**WORK INSTRUCTIONS:**
Could you retype the lines below, starting at the line holding "Fresh Fruit, Vegetables, Salads" and stopping at the line holding "Verhogen Weg huis", inclusive? Copy them exactly and drop the images.

**PROVIDED MATERIAL:**
================

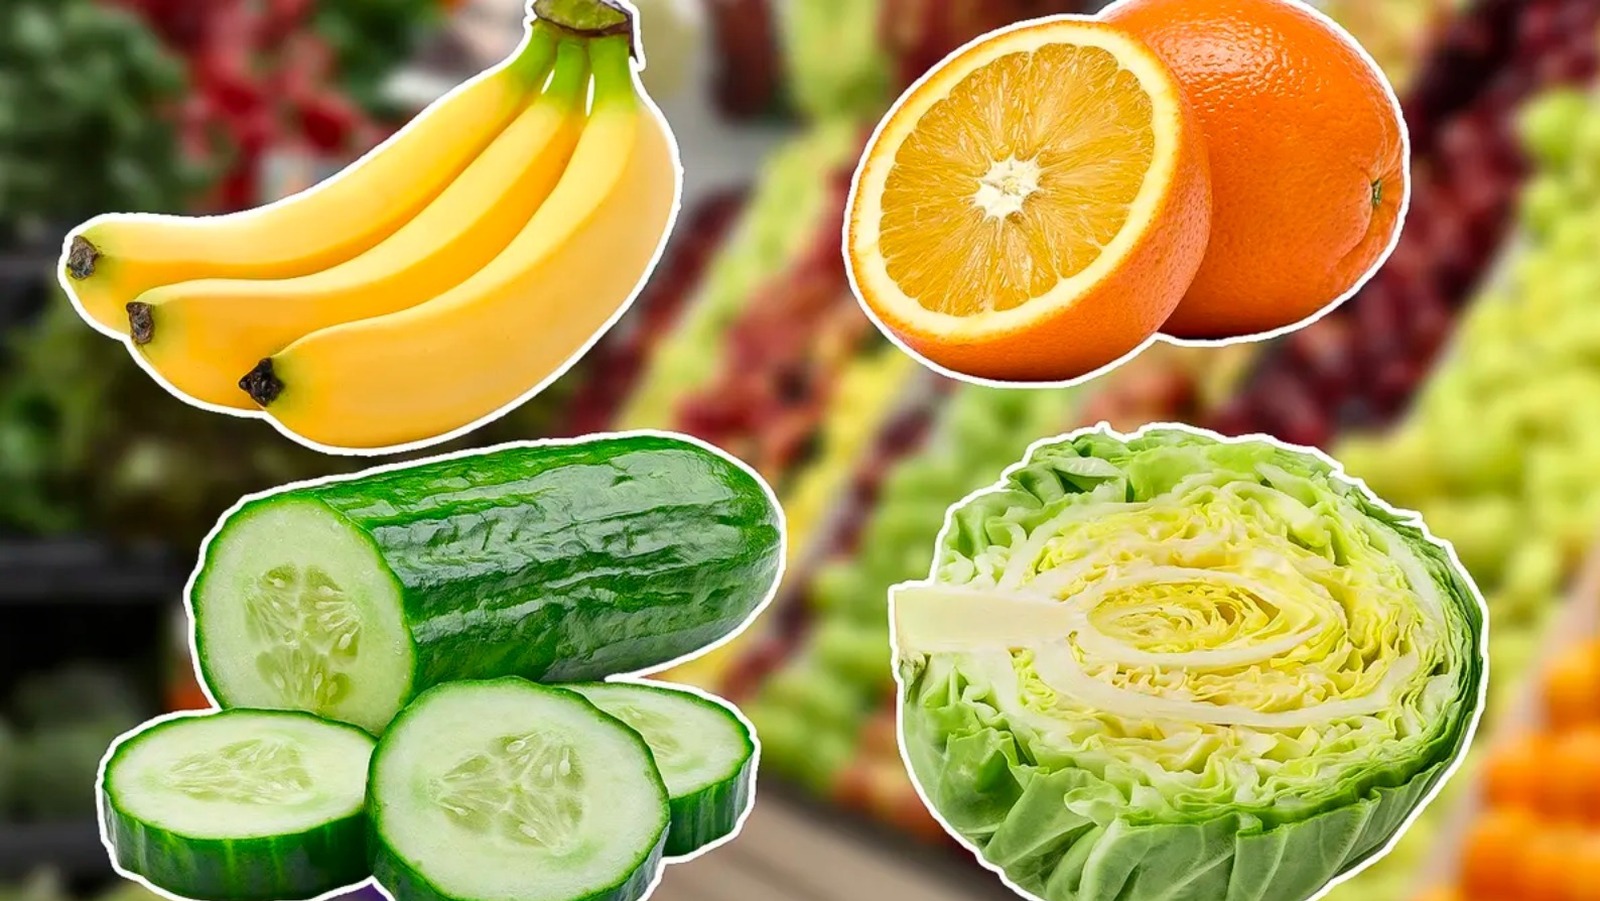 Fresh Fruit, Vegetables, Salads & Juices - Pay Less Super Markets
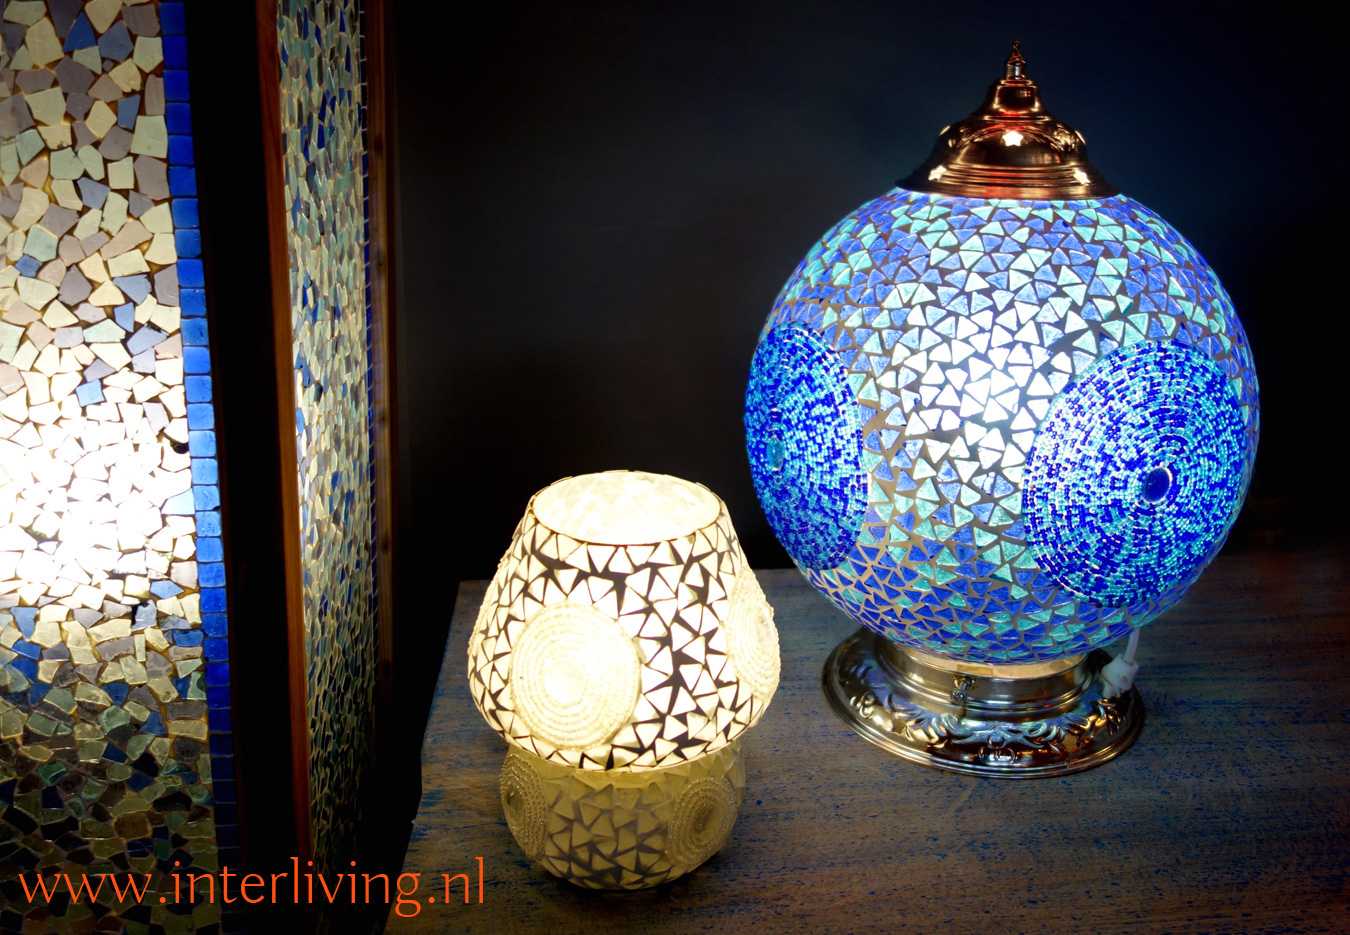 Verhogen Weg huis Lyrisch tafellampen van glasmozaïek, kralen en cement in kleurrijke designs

================

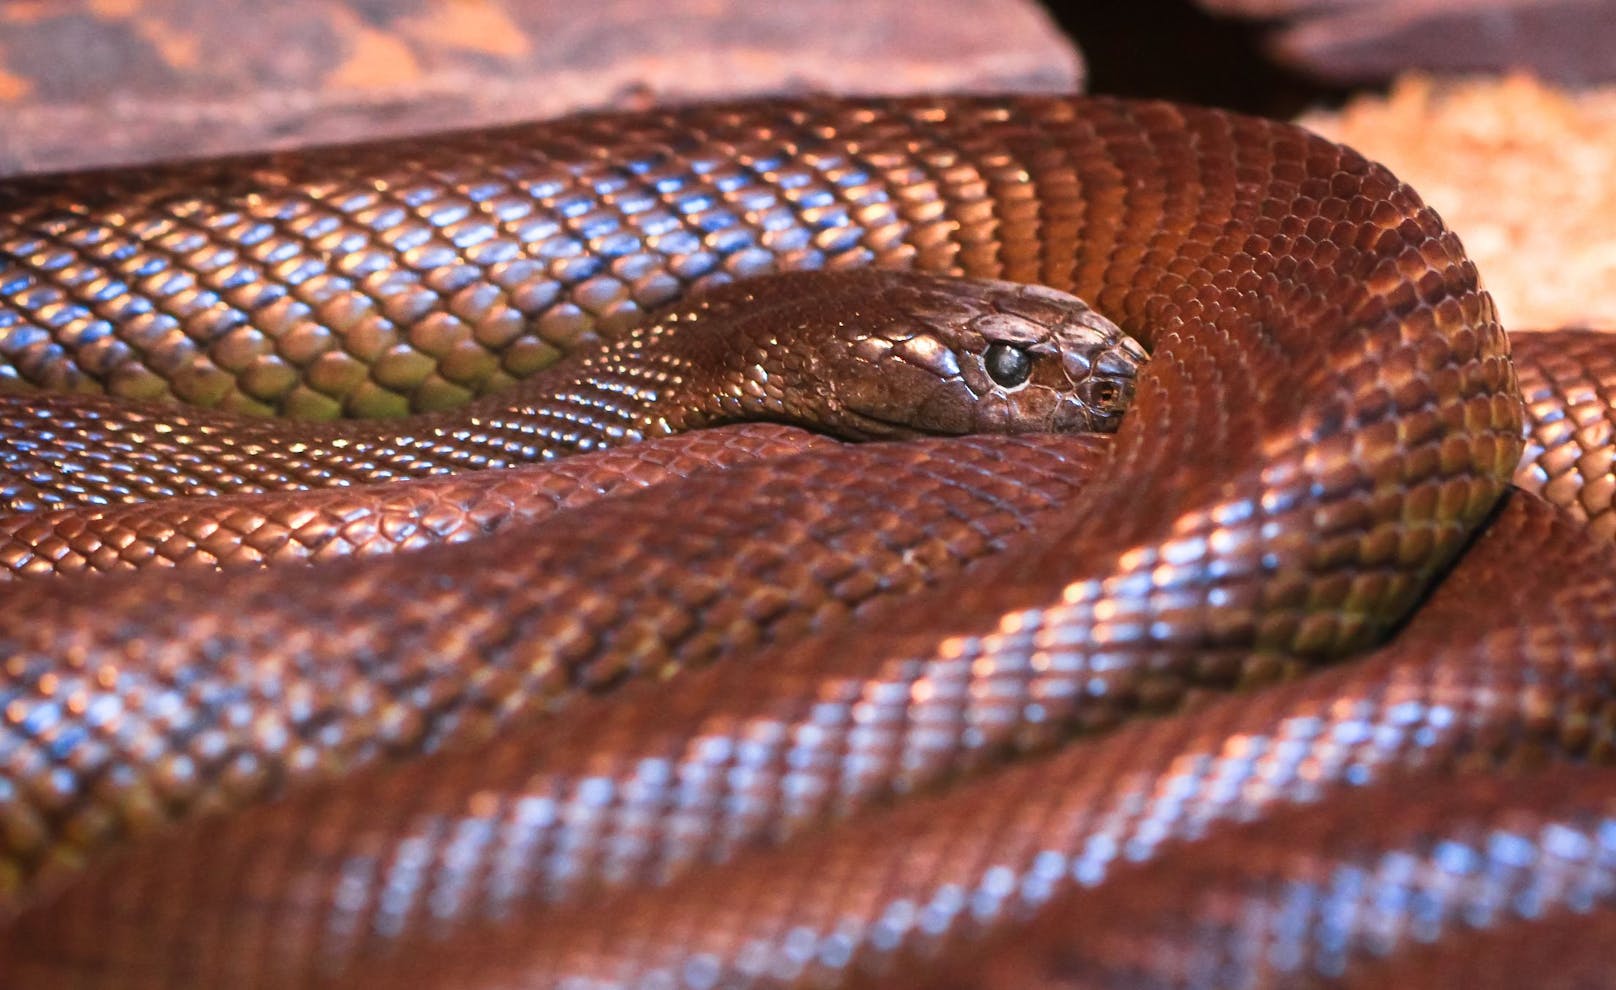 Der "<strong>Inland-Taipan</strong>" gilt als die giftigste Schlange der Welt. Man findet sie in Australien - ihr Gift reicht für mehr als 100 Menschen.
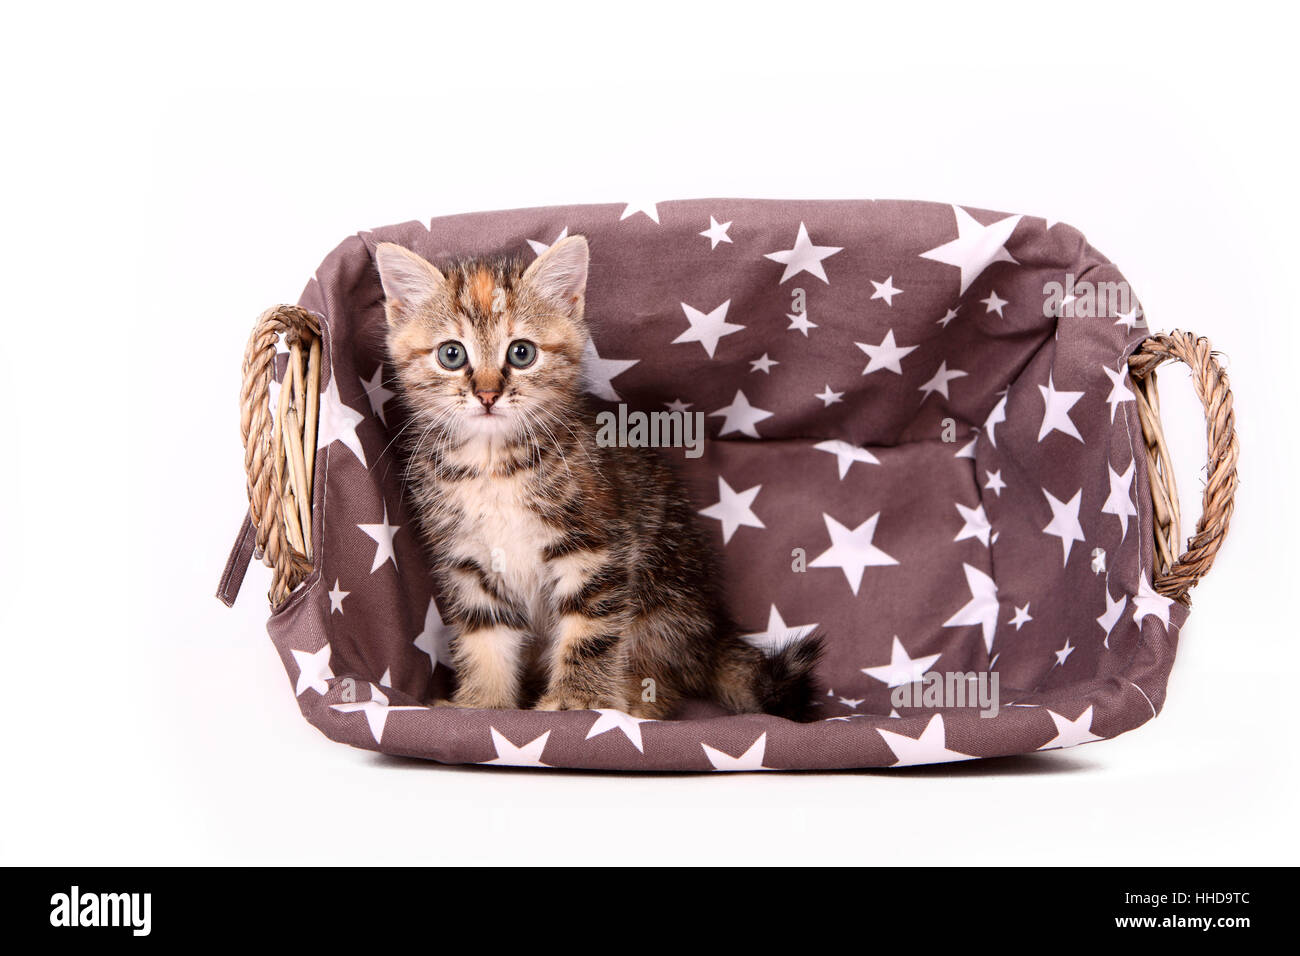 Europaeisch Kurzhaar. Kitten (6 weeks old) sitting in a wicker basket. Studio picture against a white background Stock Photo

================

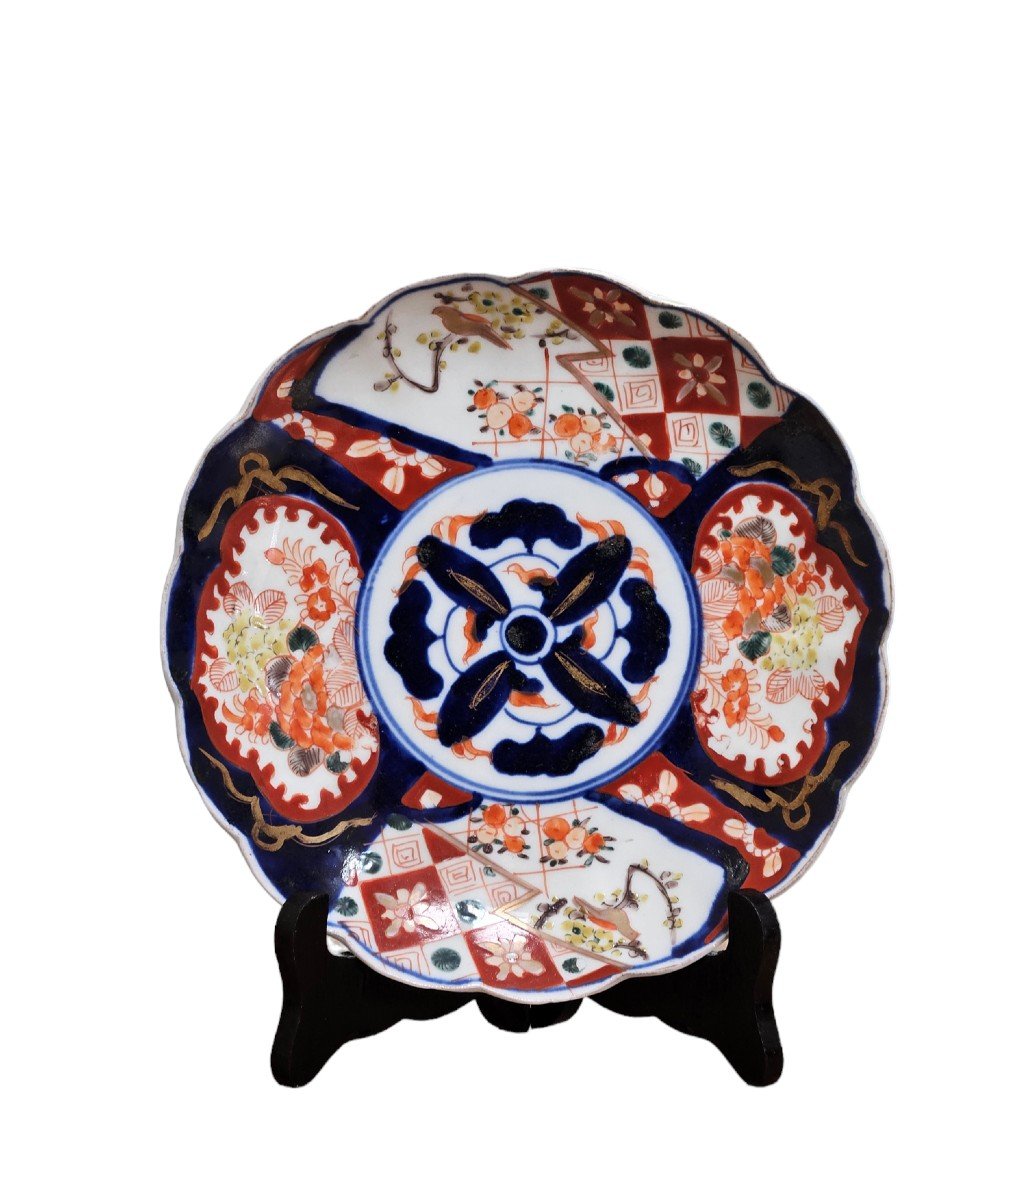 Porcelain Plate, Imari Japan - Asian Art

================

**ANSWER TO THIS TASK:**
 Fresh Fruit, Vegetables, Salads & Juices - Pay Less Super Markets
 Verhogen Weg huis Lyrisch tafellampen van glasmozaïek, kralen en cement in kleurrijke designs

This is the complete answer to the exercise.